The young princess is named Irini, and the supernatural assistant in this story is a mysterious and beautiful woman who calls herself Irini’s great-grandmother. I was struck by MacDonald’s use of beauty in this story as well as in North Wind. MacDonald’s moral guides are gloriously angelic, projecting a beauty that is inexplicably sublime, supremely feminine and yet, I noted, not sensual. Their beauty is a manifestation of their goodness. Even so, they warn their subjects against being deceived by false beauty. MacDonald seems to imply that beauty is not mere vanity, nor is it superficial. Beauty is the nature of goodness.
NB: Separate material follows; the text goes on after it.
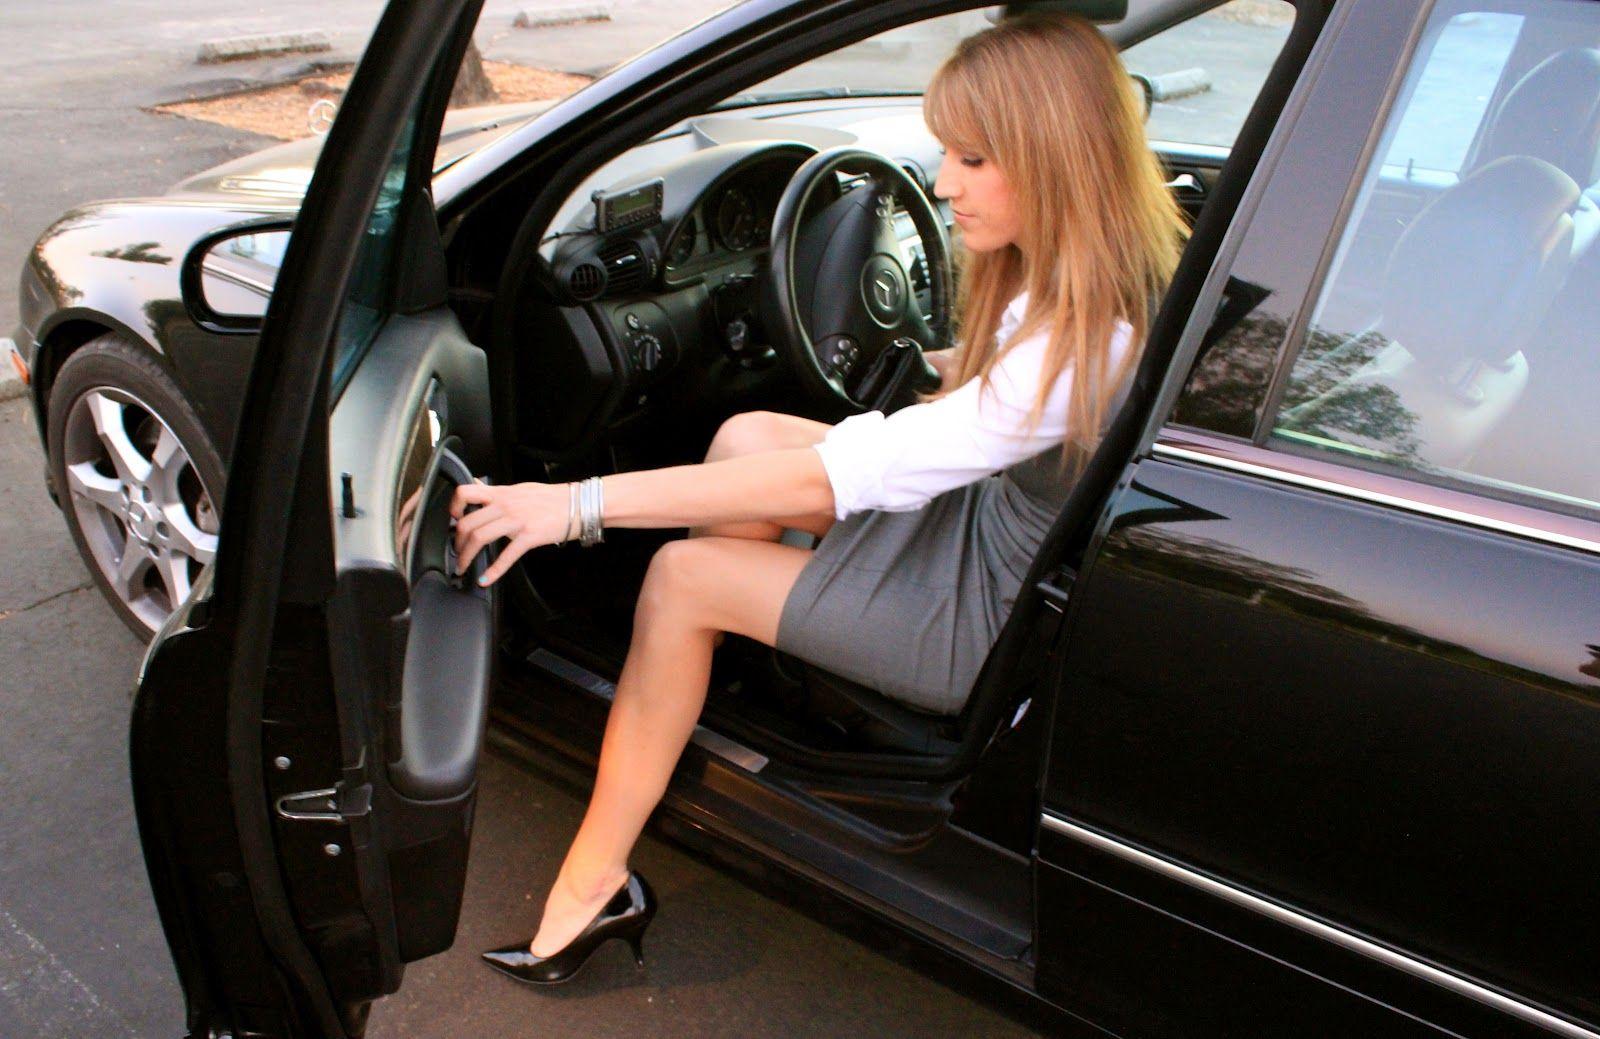 Pin By Ed Sariola On Wheelslegs Legs Doors Women

This is not to say that what is ugly cannot be good, for we live in a fallen world, and MacDonald addresses this. As North Wind said, some things beautiful are in the process of becoming bad and it may take a long time for their badness to spoil their beauty. Conversely, some things ugly are in the process of becoming good. I found this very refreshing, given the complete confusion, even ridiculing of this notion in modern fairy tales like Shrek. MacDonald’s use of beauty is akin to the muses of Greek mythology: beauty as a glimpse of heaven that inspires and guides mankind to great things.


The Princess and Curdie



This entertaining sequel to The Princess and the Goblin is a story about true nobility. Curdie is the young miner boy introduced in the previous book. Although he was offered training for knighthood following his heroics in the first story, he chose to stay, considering himself not quite ready to leave home. This story picks up several years later, as Curdie is becoming a man, his youthful idealism and goodness beginning to wither under the hardening crust of a miner. He faces a crossroad at which he is confronted with what he has become and given the opportunity to right his path before he strays altogether. Then he gets to meet Irini’s “great-grandmother” who gives him a gift of supernatural discernment and a mission to rescue the kingdom from an insidious coup from within.

The story is quite different from its predecessor in that the good and evil are much less apparent by physical appearance. Where Curdie’s strength and cunning were useful in the previous story, now he needs wisdom and insight to uncover a conspiracy that even the King’s daughter, Irini, failed to see.

MacDonald’s themes are definitely more complex in this book and seem to be written for a teenage or adult reader, where the first book is suited to pre-teens. The intended audience of each book seems to be a reader of Curdie’s age in each book.

MacDonald makes several social commentaries about class warfare, educational elitism, personal responsibility, cultural moral upheaval, and is not above a brief slam at insincere dogma in the church. After a fascinating and surprising battle for the kingdom, the story concludes with what seem to be two endings, the first heartwarming and fairytalish, after which it should be perfectly acceptable to stop reading. Those who continue on will find what seems to be a dismal, perhaps prophetic, warning against the seduction of prosperity and materialism.

All said, I still highly recommend both Princess stories. I have greatly enjoyed MacDonald’s fantasies and want to read (okay, hear) more. The story that C.S. Lewis cited often was MacDonald’s Phantastes, which I have so far found for $50 in audio book form. I’m just a little too cheap and find that too steep a penalty for having only enough time to listen. At present, I am enjoying some Jules Verne books that I will review in a later post.